© Reuters. FILE PHOTO: British Pound Sterling banknotes are seen in a box at the Money Service Austria company’s headquarters in Vienna, Austria, November 16, 2017.REUTERS/Leonhard Foeger/File photo
By Ritvik Carvalho
LONDON (Reuters) – Britain’s pound rose against the dollar for a second day on Thursday as recovering risk sentiment in global markets helped buoy currencies correlated with economic growth.
Investor nerves over whether vaccinations will successfully head off future lockdowns amid surging coronavirus cases led to a stock selloff earlier this week, whacking sterling as much as 1.3% lower to the dollar on the week.
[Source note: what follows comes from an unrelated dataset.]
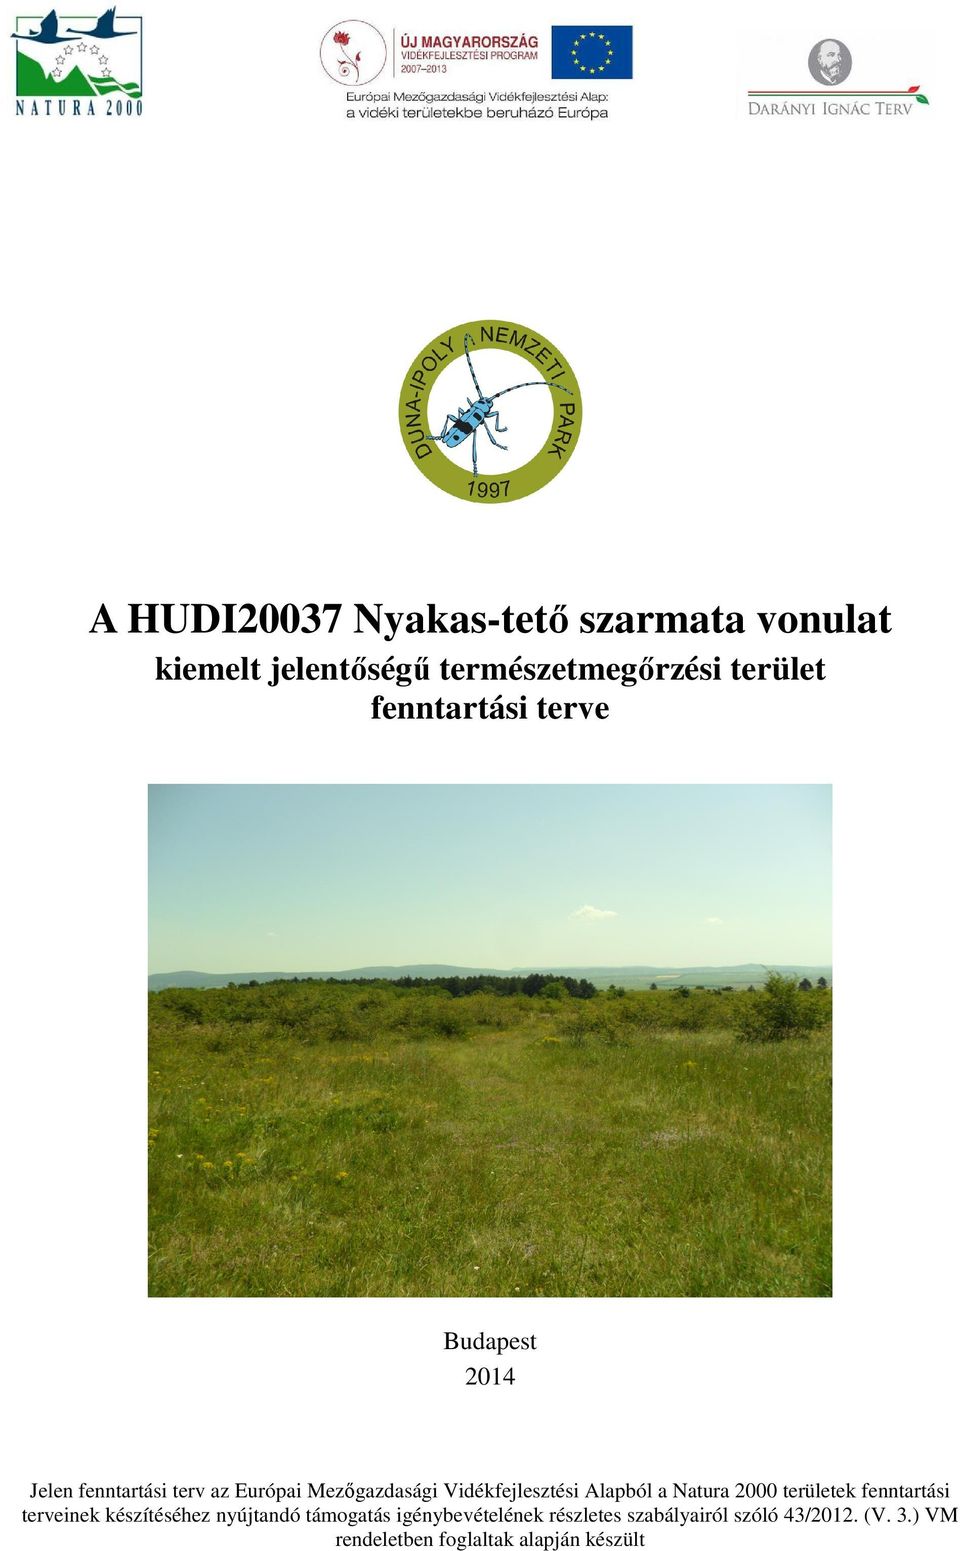 Vidékfejlesztési Alapból a Natura 2000 területek fenntartási terveinek készítéséhez nyújtandó
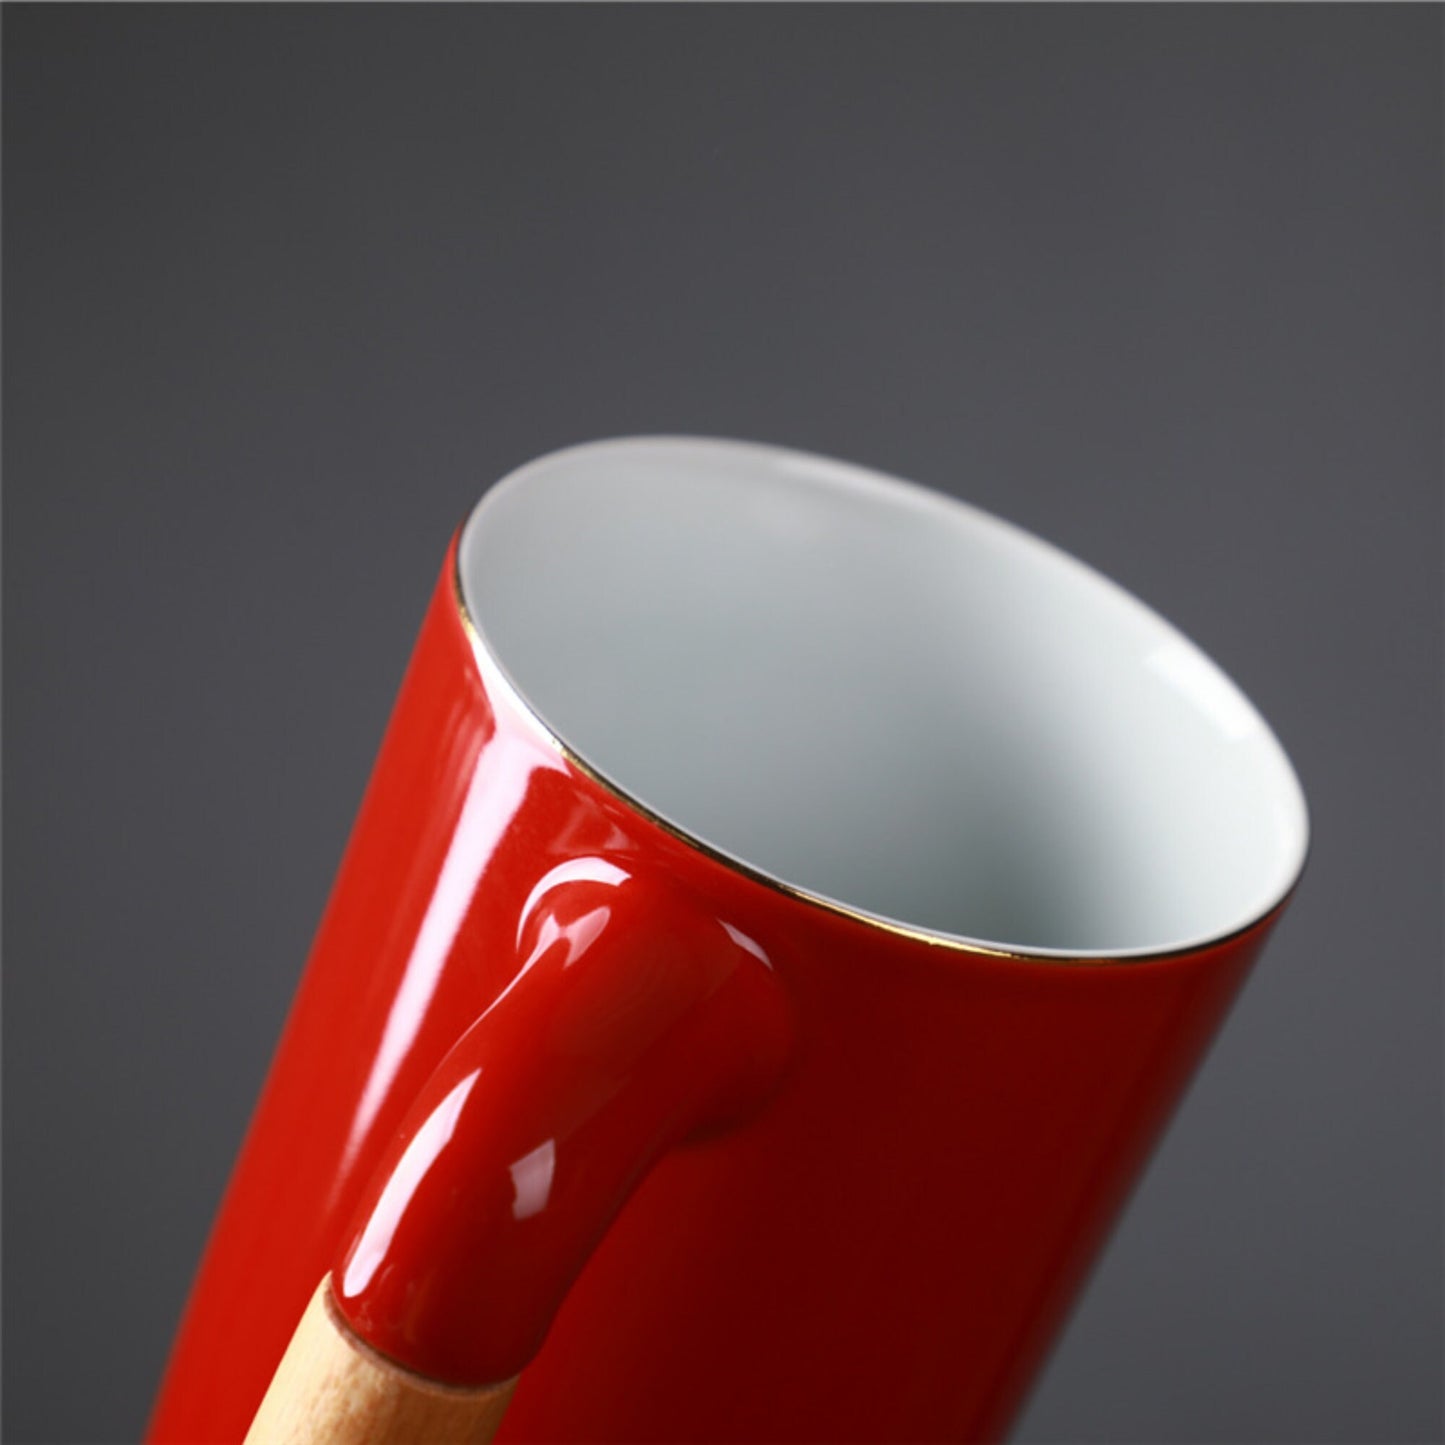 مج ياباني 2×1 سيراميك بالغطاء والمصفاة | كوب سيراميك حديث، كوب قهوة صغير، كوب فخار سيراميك صغير، كوب سيراميك بغطاء

A broad recovery in stock markets took hold on Wednesday, helping the pound recover.
Sterling continued to rise in morning deals in London on Thursday and was the best performing “G10” currency on the day, up 0.2% at $1.3733 by 0815 GMT.
Against the euro, it was 0.2% higher at 85.84 pence.
“The pound is often the first point of entry in currencies when stock markets push higher,” said Neil Jones, head of FX sales, financial institutions, at Mizuho Bank.
“My sense is the pound has an underlying bid tone. It does appear from recent headlines there is interest from overseas to acquire further pieces of UK plc. Perhaps the inbound FDI (foreign direct investment) theme is in play.”
Earlier this month, Morrisons, Britain’s fourth-largest supermarket chain agreed to a takeover led by SoftBank owned Fortress Investment Group for 6.3 billion pounds ($8.7 billion).
Elsewhere, investors kept an eye on talks between Britain and the European Union on Northern Ireland.
Britain demanded on Wednesday that the EU agree to rewrite the Northern Ireland protocol, which covers post-Brexit trade involving the province just a year after it was agreed.
The EU immediately rejected that call, saying Britain needed to respect its international obligations and pointed out it had been negotiated by Prime Minister Boris Johnson.
British Business Secretary Kwasi Kwarteng said on Thursday the EU had been inflexible over renegotiating the Northern Ireland part of the Brexit divorce accord and cautioned Brussels that it was not a deal that would last for ever.
“Overall, we do not expect the noise about the Northern Ireland protocol to trigger any major reaction in the pound although it could continue limiting short-term upside potential while global market sentiment and domestic macro figures will remain the key drivers in the very short term,” said Roberto Cobo Garcia, strategist at BBVA (MC:) in a note to clients.
Retail sales and PMIs for Britain are due on Friday.